((
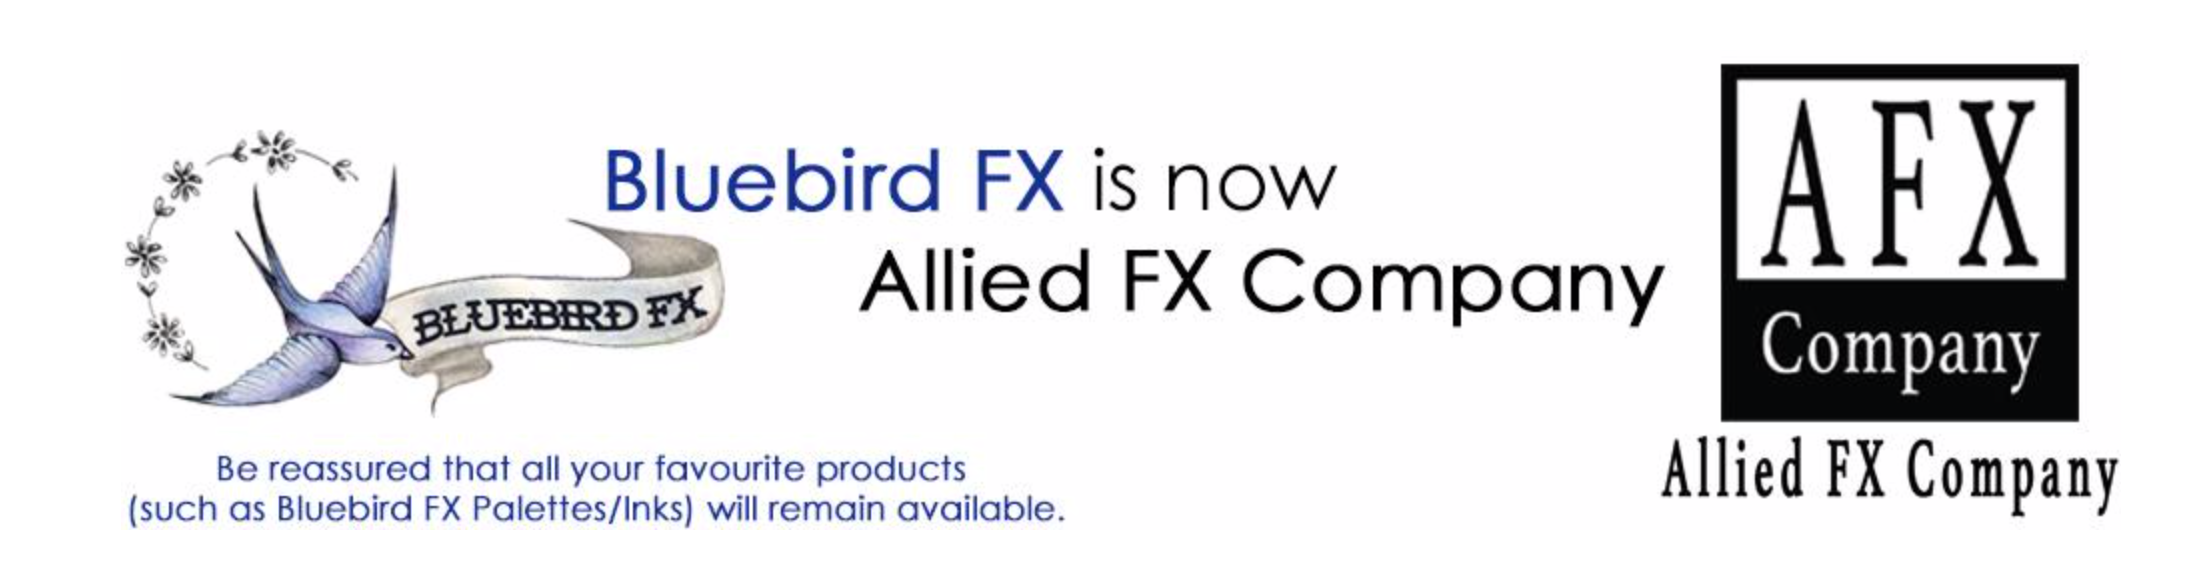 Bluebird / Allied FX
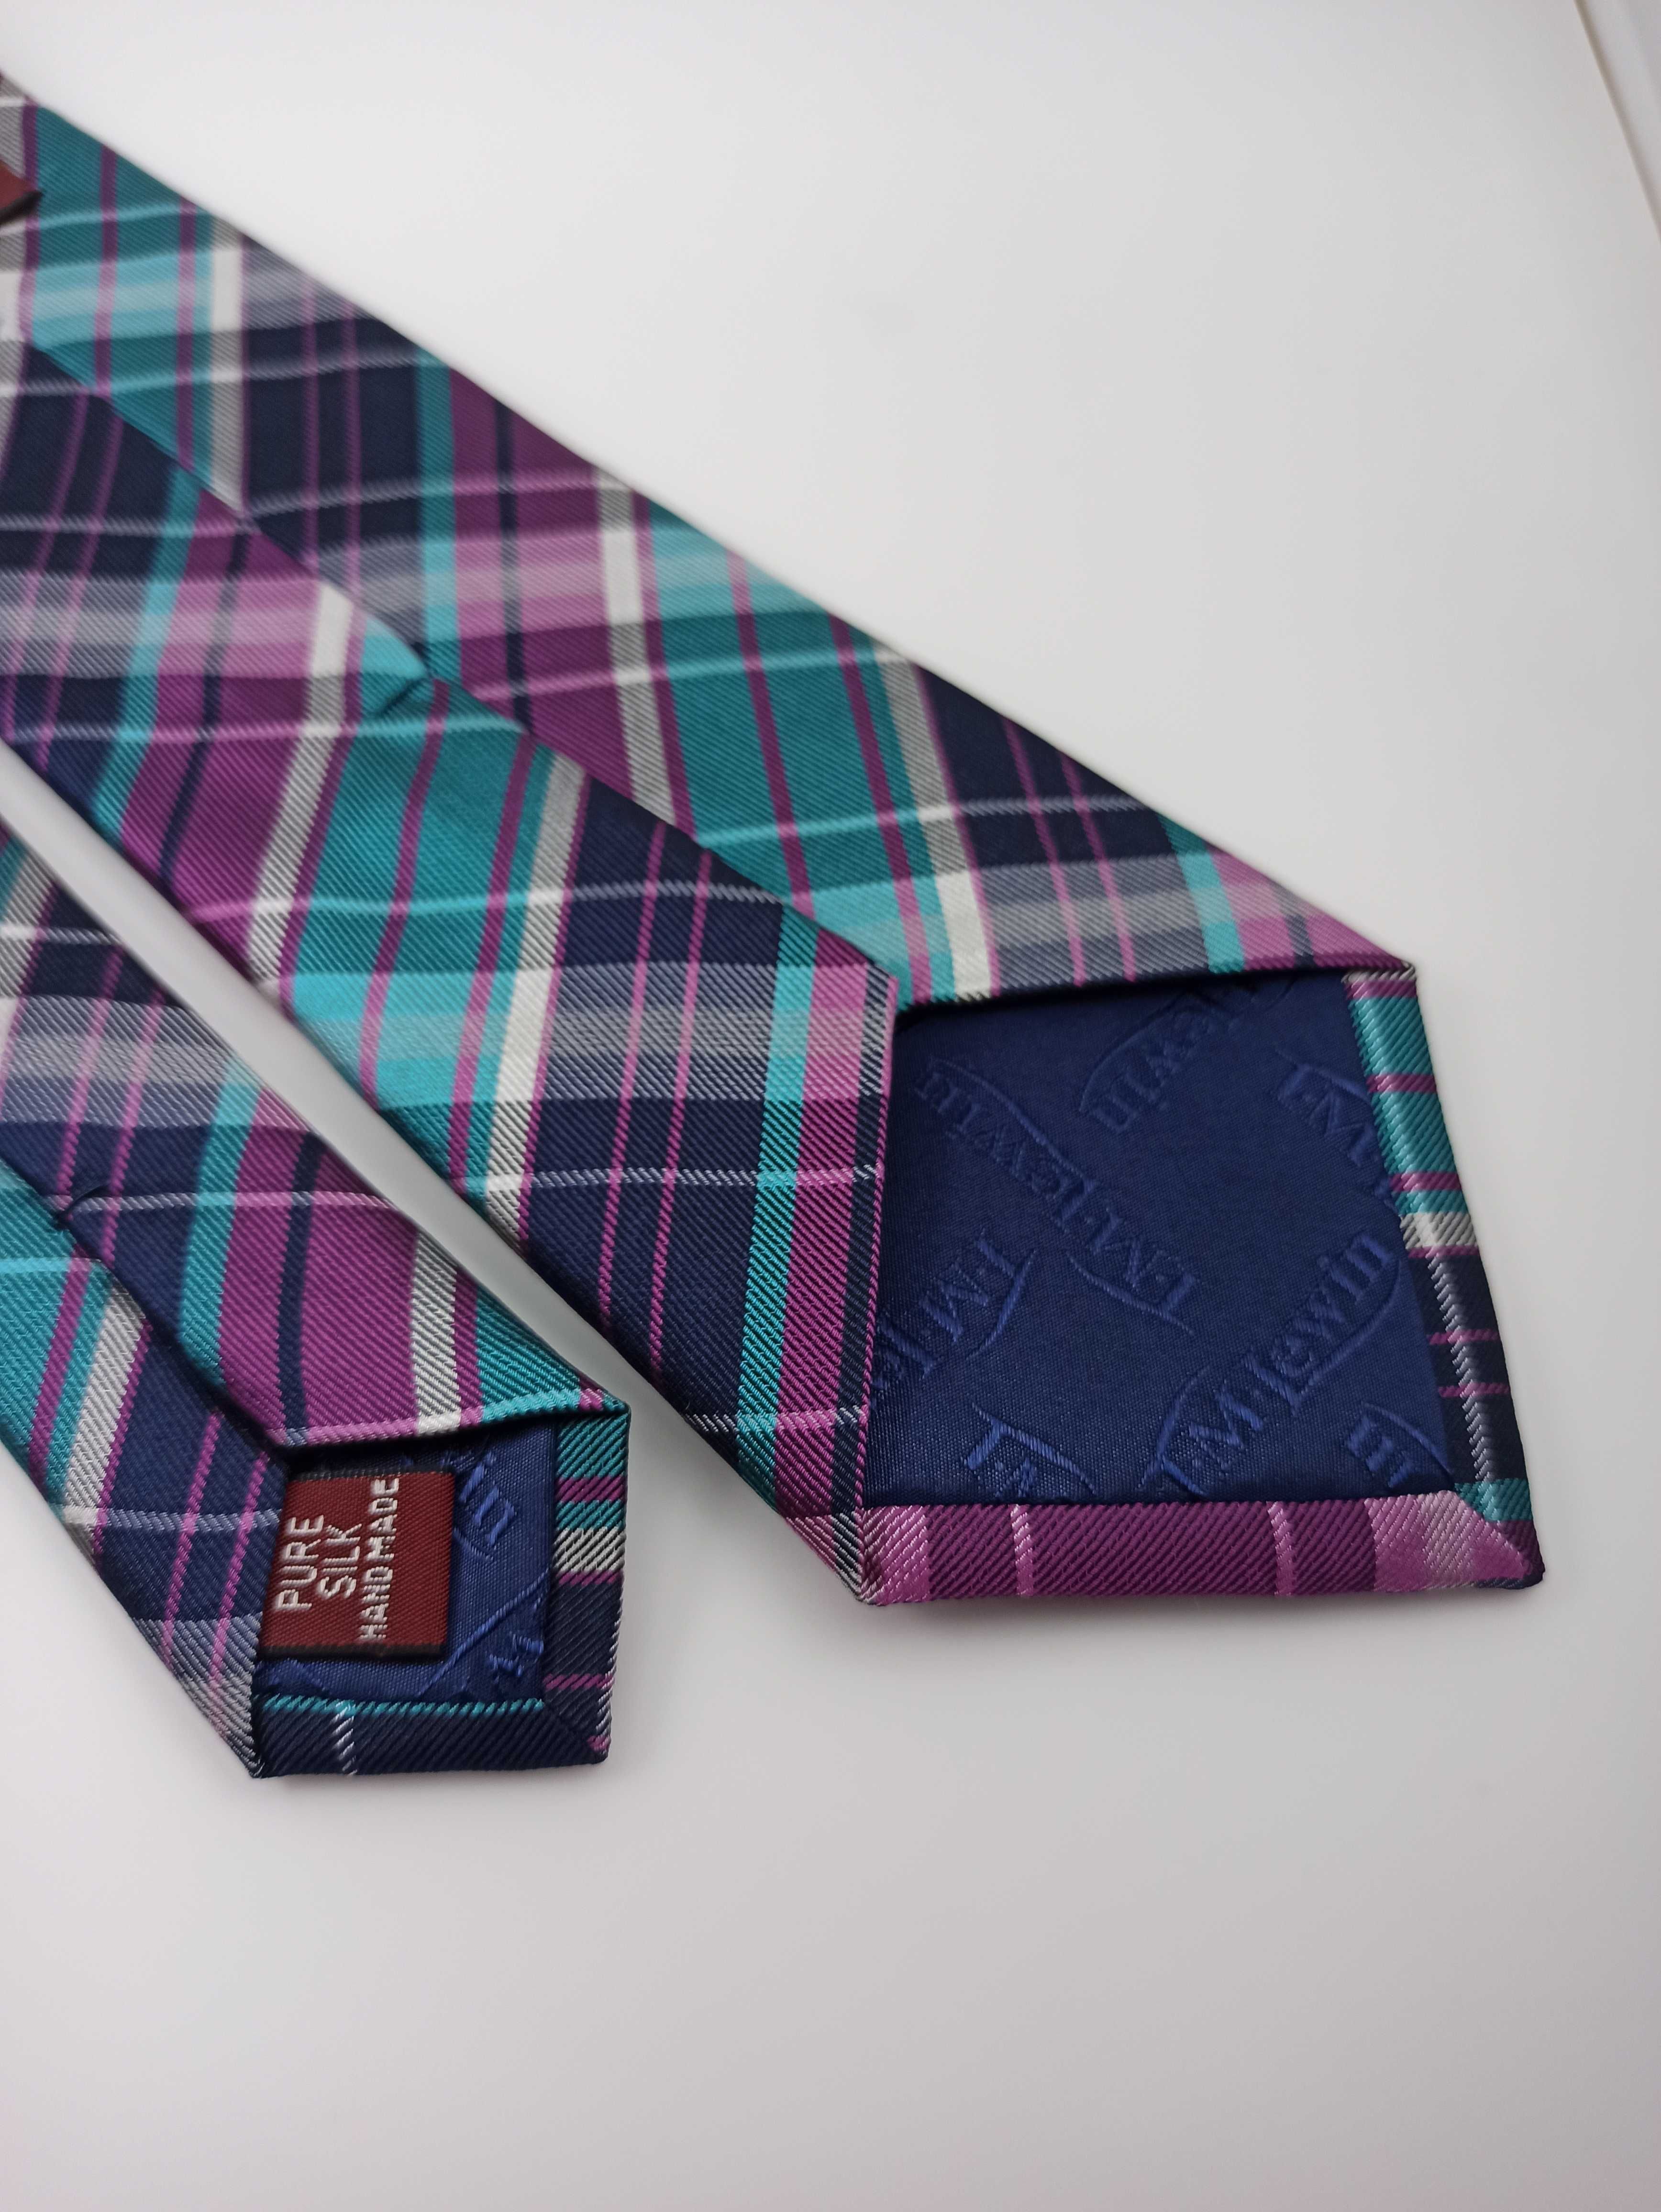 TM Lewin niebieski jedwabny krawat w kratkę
))
((
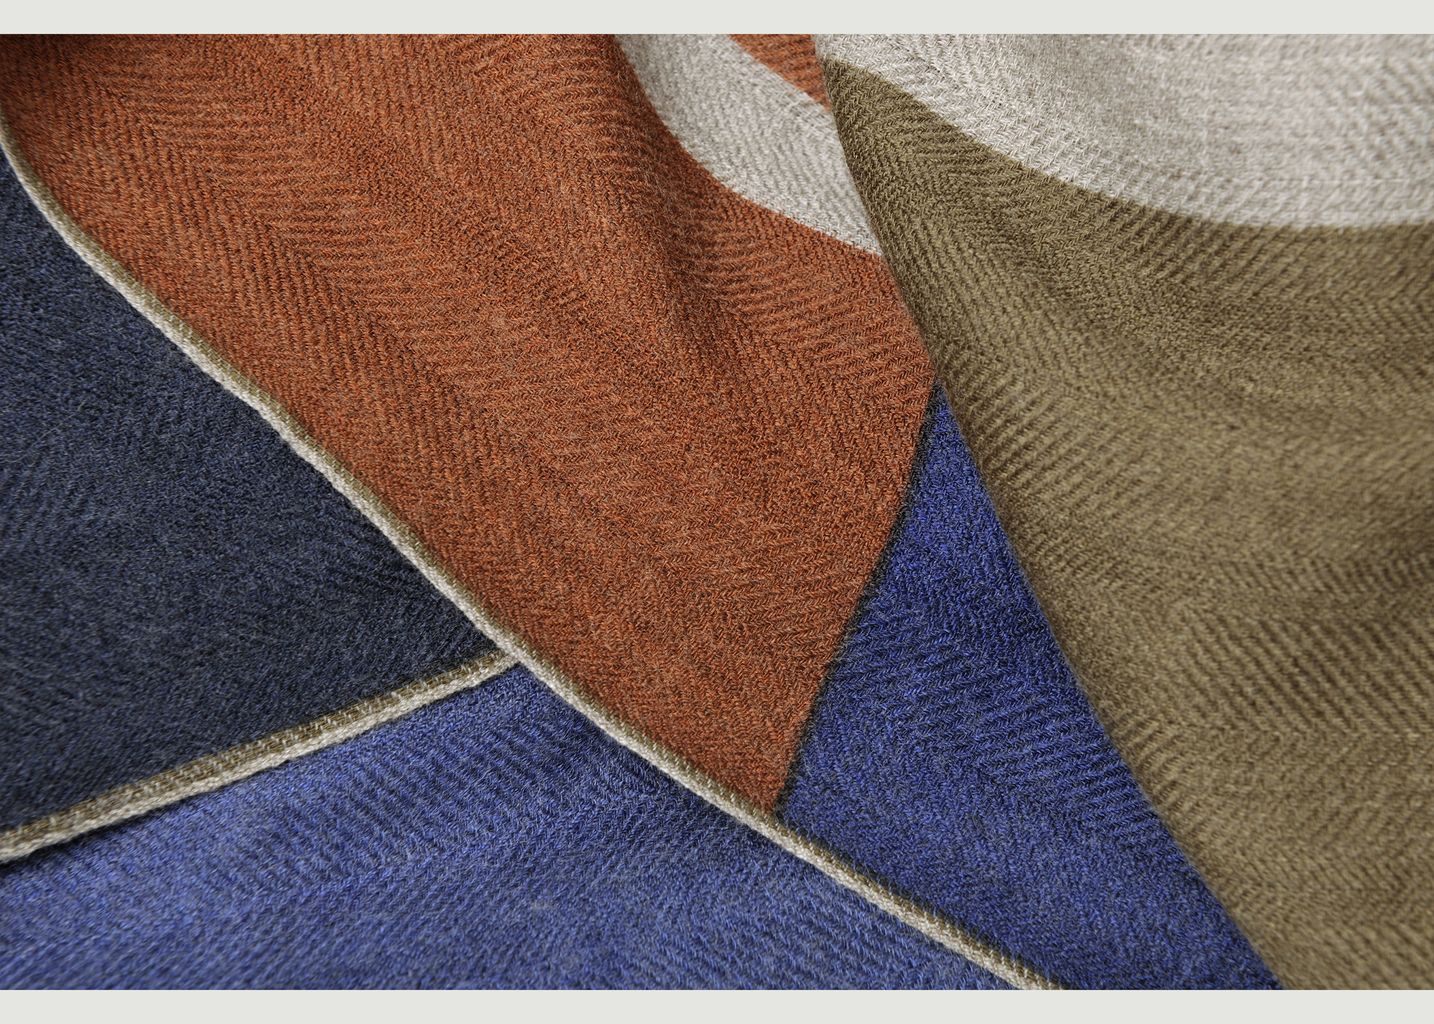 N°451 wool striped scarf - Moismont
))
→ Exercise objective: Text only, no pictures: please print exactly the lines above from the line with "Bluebird / Allied FX" up to and including the line with "TM Lewin niebieski jedwabny krawat w kratkę", and nothing else.

→ Exercise output:
 Bluebird / Allied FX
 TM Lewin niebieski jedwabny krawat w kratkę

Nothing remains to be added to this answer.